Sunday, November 16, 2014

Inhale and Exhale Mustard Seeds

Father,


You are beginning a new thing in my life right now.  So many things going on all around me, and I don’t feel like I can even stop to fully inhale and exhale.  To breathe in deeply, feels like I will inhale the true pain and confusion around me, as to almost accept the circumstances.  So, I breathe shallow, and yet so hopeful that You will see me through this one more time.  But, I realize that without a full inhale, can never come the exhale.  The exhale brings about another breath, which allows for life.  Father, help me inhale all that is around me.  The tears from disappointment, the pounding of my heart of anxiousness, and even disappointments.  Help me not to be afraid to breathe deeply, so that I may exhale You and receive life.  Help me not suffocate my spirit, into thinking that I can merely exist until You call me home.  Merely existing is not what you have designed me for.  You have provided this shell and soul with so many life giving attributes, and to merely walk around until You stop my inhale/exhale motion, is death in motion. 
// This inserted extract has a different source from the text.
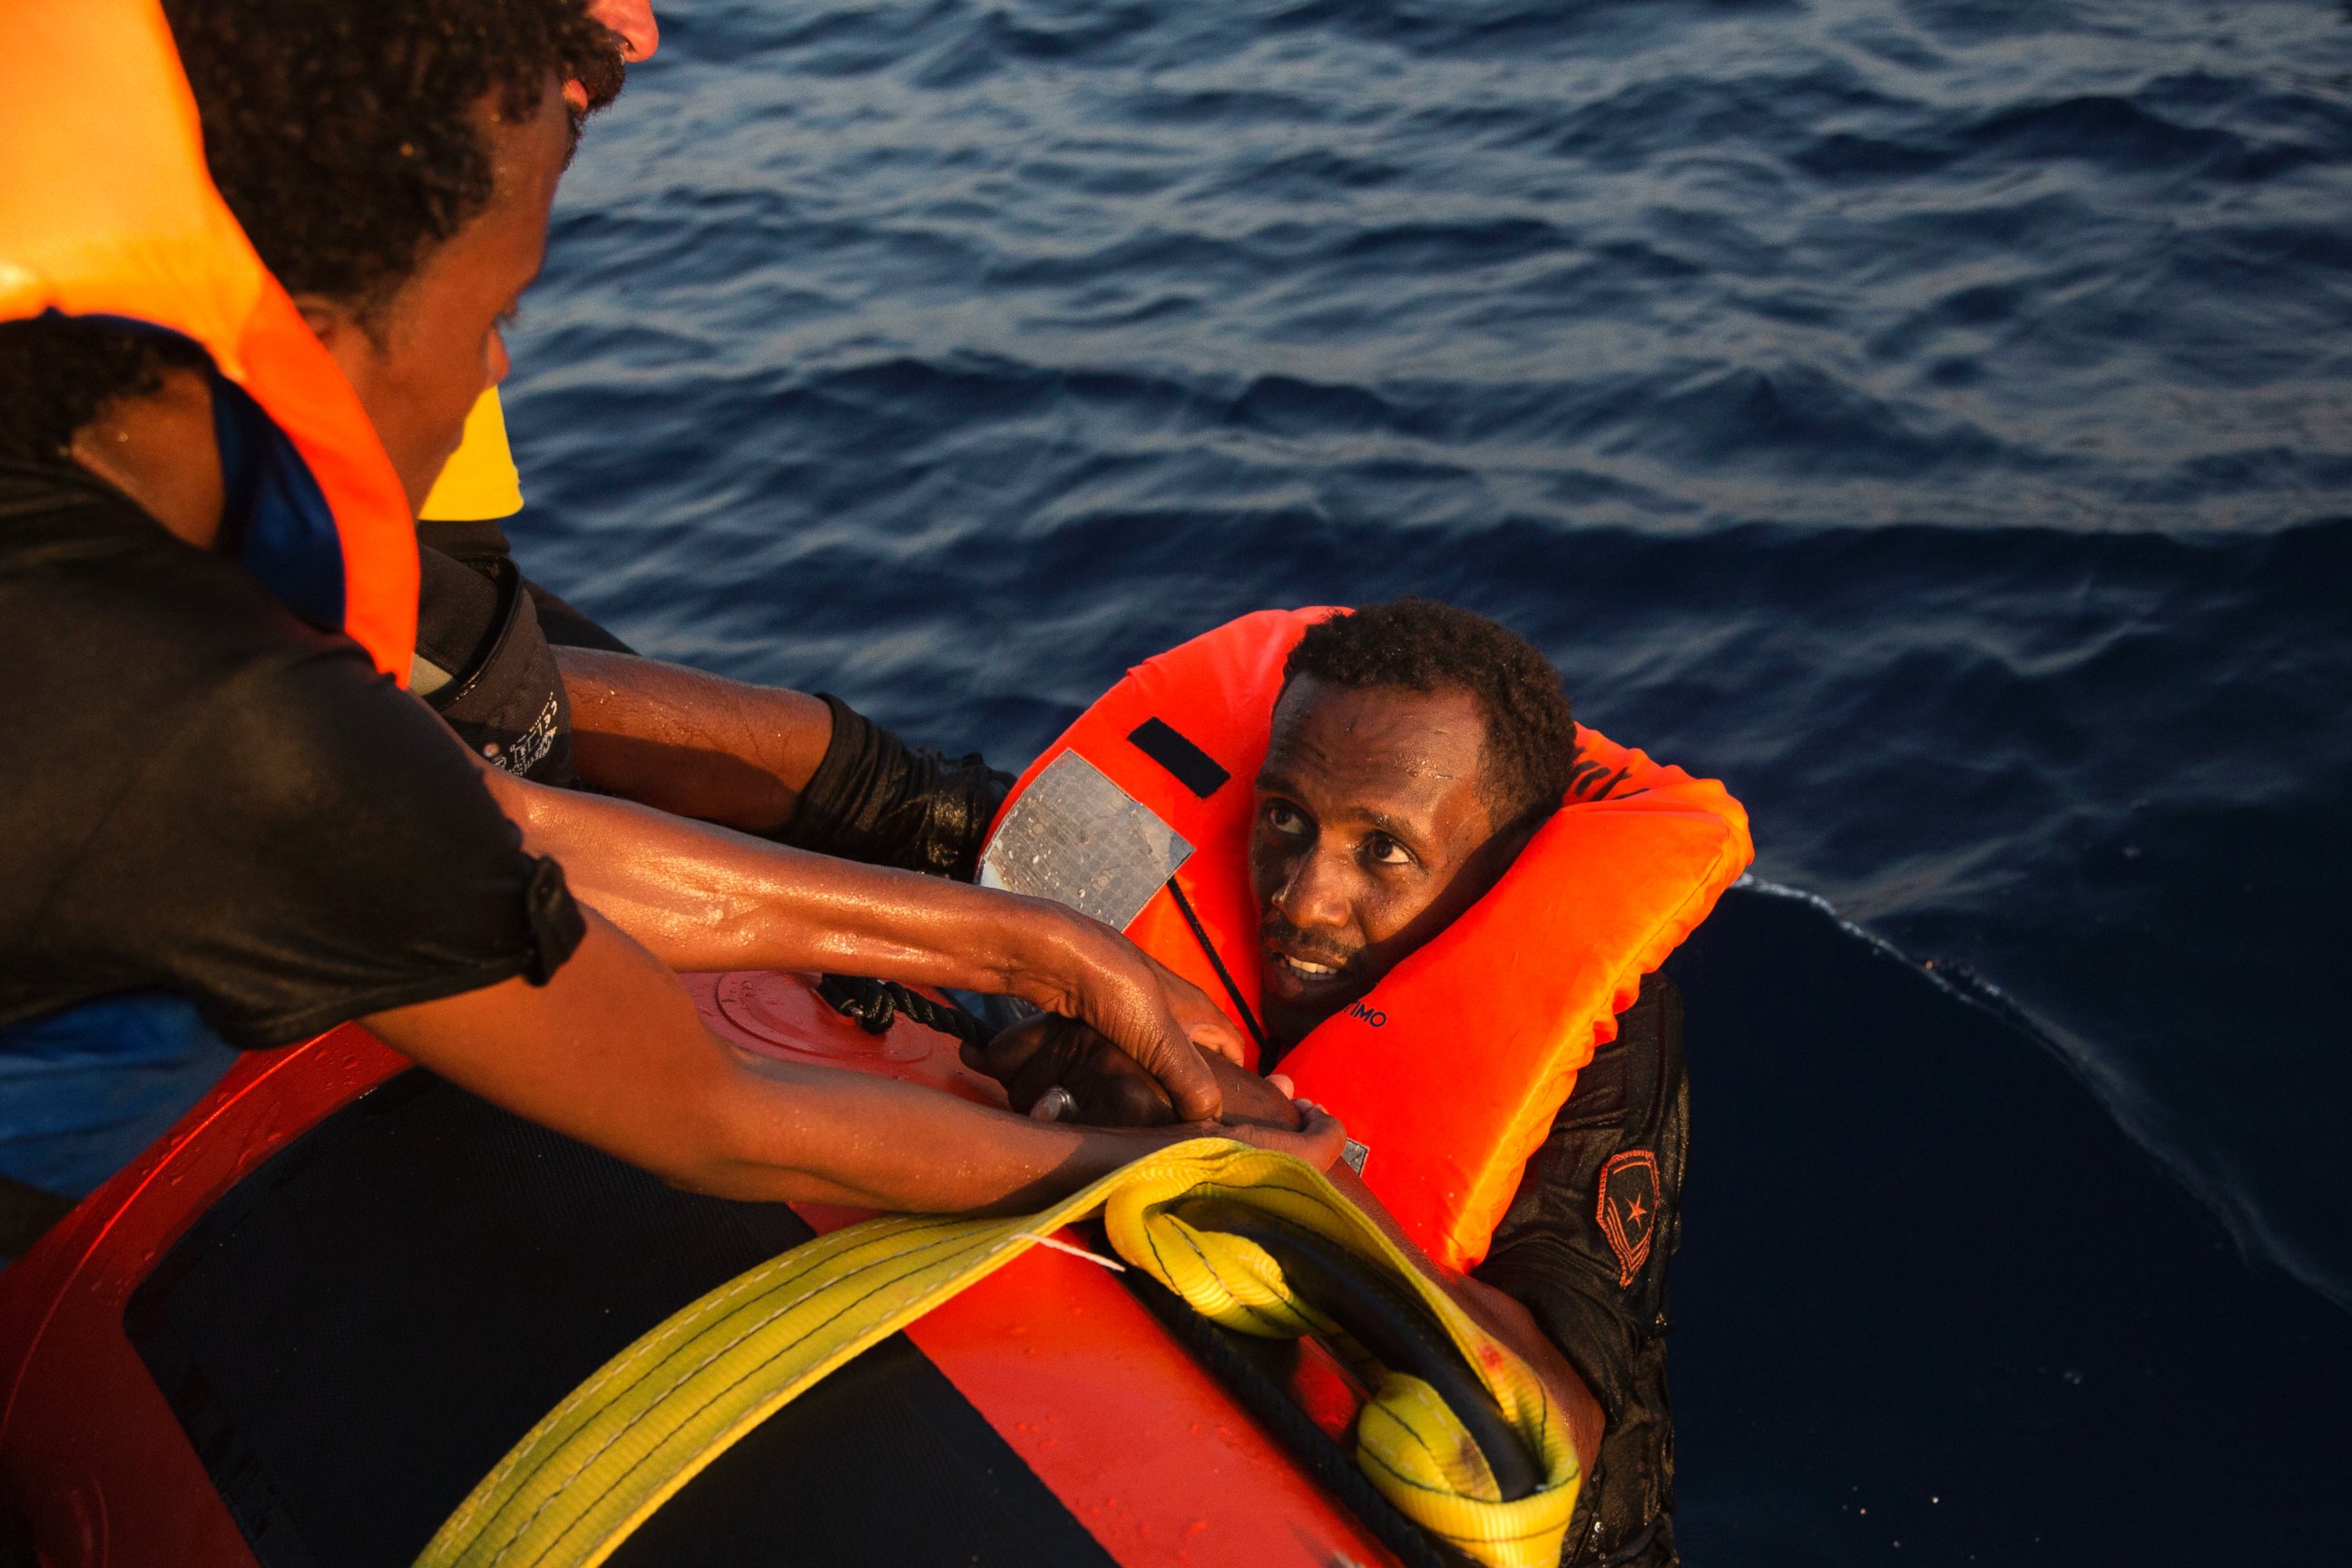 PHOTO: A migrant from Eritrea is helped after jumping into the water from a crowded wooden boat during a rescue operation in the Mediterranean sea, Aug. 29, 2016.

The size of a mustard seed
 Father, I yet to understand all that You have been doing over the past two years, and honestly, I have not fully laid down my anxious heart as to what lies ahead, but I do have a portion of hope.  And Jesus said, "If you have faith the size of a mustard seed, you will tell this mountain, 'Move from here to there,' and it will move. Nothing will be impossible for you. (Matthew 17:20 HCSB) Here is the size of a mustard seed that will produce a thunderous movement in creation, if I only believe.  So, Lord with at least this amount of faith, I come to You.  Expecting. Hoping. Desiring for so much more than I could even pray for.